In `@test/testcases/test_web_api/test_document_app/test_upload_documents.py`:
- Around line 451-460: The test_invalid_url currently only monkeypatches request
so the real KnowledgebaseService.get_by_id and check_kb_team_permission run and
block the test; update the test to also stub KnowledgebaseService.get_by_id
(return a dummy kb object for "kb1") and check_kb_team_permission (return True
or a permitted response) on the module under test before calling
module.upload_document(dataset_id="kb1") so execution reaches the upload_type ==
"web" branch and triggers is_valid_url error handling; reference the test
function name test_invalid_url and the target function upload_document to locate
where to add these monkeypatches.
---
Outside diff comments:
In `@docs/references/http_api_reference.md`:
- Around line 1376-1439: The docs only show the multipart/local upload response
(an array) but omit that POST /api/v1/datasets/{dataset_id}/documents with query
param `type=web` and `type=empty` returns a single document object; update the
"Request" and response examples/parameters to explicitly document the non-list
response shape for `type=web` and `type=empty` (single JSON document object),
adjust the example curl outputs and the "Request parameters" response
description accordingly, and include a brief example JSON response for both
`web` and `empty` modes so consumers parse them as an object instead of an
array.
In `@web/src/hooks/use-document-request.ts`:
- Around line 520-544: The web crawl mutation in useNextWebCrawl (mutationFn
using webCrawlDocument) currently only shows a toast and returns a code, so
newly created documents don't appear until a manual refresh; update the success
path to trigger the same post-create behavior as useCreateDocument: after
detecting code === 0, call the documents list refresh and reset pagination to
page 1 (e.g., invoke the documents-list hook's mutate/refresh method or the same
refresh handler used by useCreateDocument and set currentPage = 1) so the new
row becomes visible immediately; ensure you reference useNextWebCrawl,
webCrawlDocument, and the documents list refresh/mutate function from the
documents hook when implementing this.
---
Nitpick comments:
In `@api/apps/restful_apis/document_api.py`:
- Around line 336-339: In document_api.py, remove the unreachable
parser-override regex checks that set doc["parser_id"] for presentations and
emails (the re.search(r"\.(ppt|pptx|pages)$", filename) and
re.search(r"\.(eml)$", filename) blocks) from the web upload branch where
filename is forced to f"{name}.pdf"; these conditions can never match in the web
path so delete those two if-blocks (leave other parser_id/override logic
intact).
- Around line 281-387: Add info-level logs for both the "web" and "empty" upload
branches: log dataset id and upload_type on entry (inside the upload_type ==
"web" and upload_type == "empty" blocks) and log a success message just before
the successful get_result returns (before the return that calls get_result in
the "web" branch and before the get_result in the "empty" branch).
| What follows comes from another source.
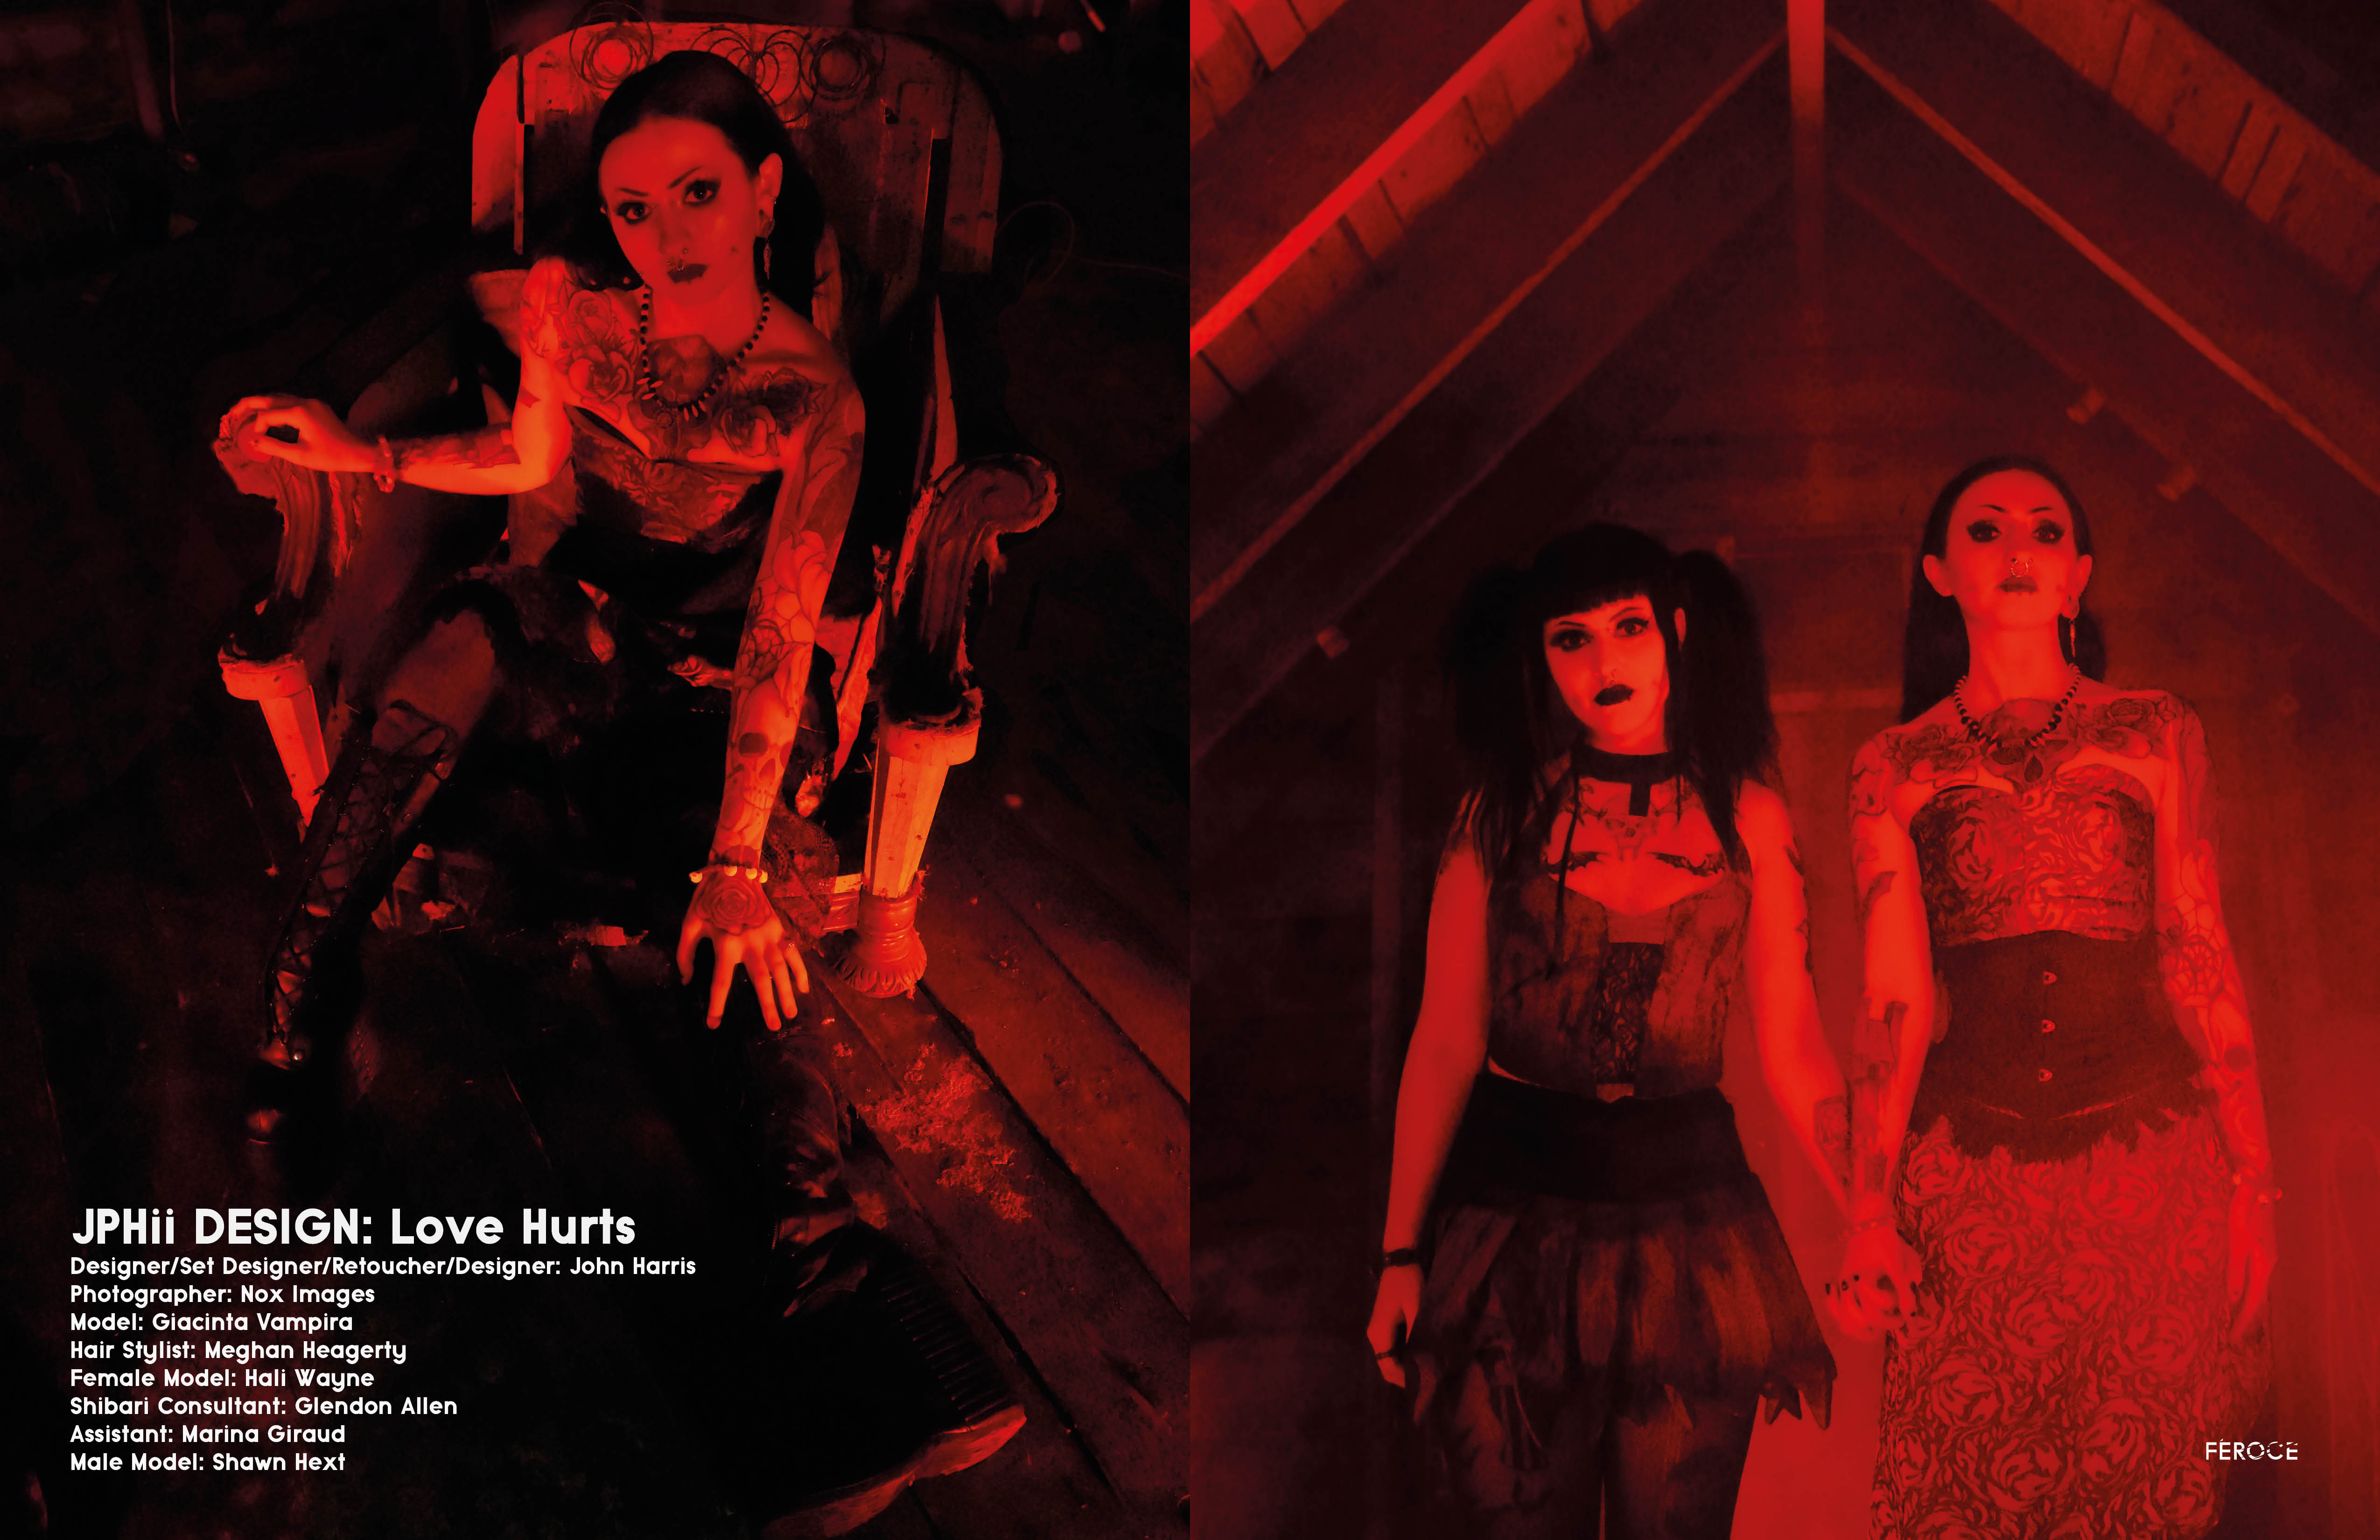 Love Hurts in Feroce Magazine

Use the
existing logger (e.g., logging.info or the module logger) and include
identifying fields like dataset_id, kb.id or current_user.id and the resulting
document id/name (from doc or filename) to aid tracing; place logs near the
symbols shown (upload_type == "web", blob handling and the return
get_result(data=map_doc_keys_with_run_status(...)) in the web flow, and around
DocumentService.insert(...) and return get_result(data=map_doc_keys(...)) in the
empty flow).
- Around line 298-305: The synchronous html2pdf(url) call and subsequent
synchronous Peewee FileService calls (FileService.get_root_folder,
FileService.init_knowledgebase_docs, FileService.get_kb_folder,
FileService.new_a_file_from_kb) must be executed off the event loop using the
thread pool; replace the direct calls with await thread_pool_exec(html2pdf, url)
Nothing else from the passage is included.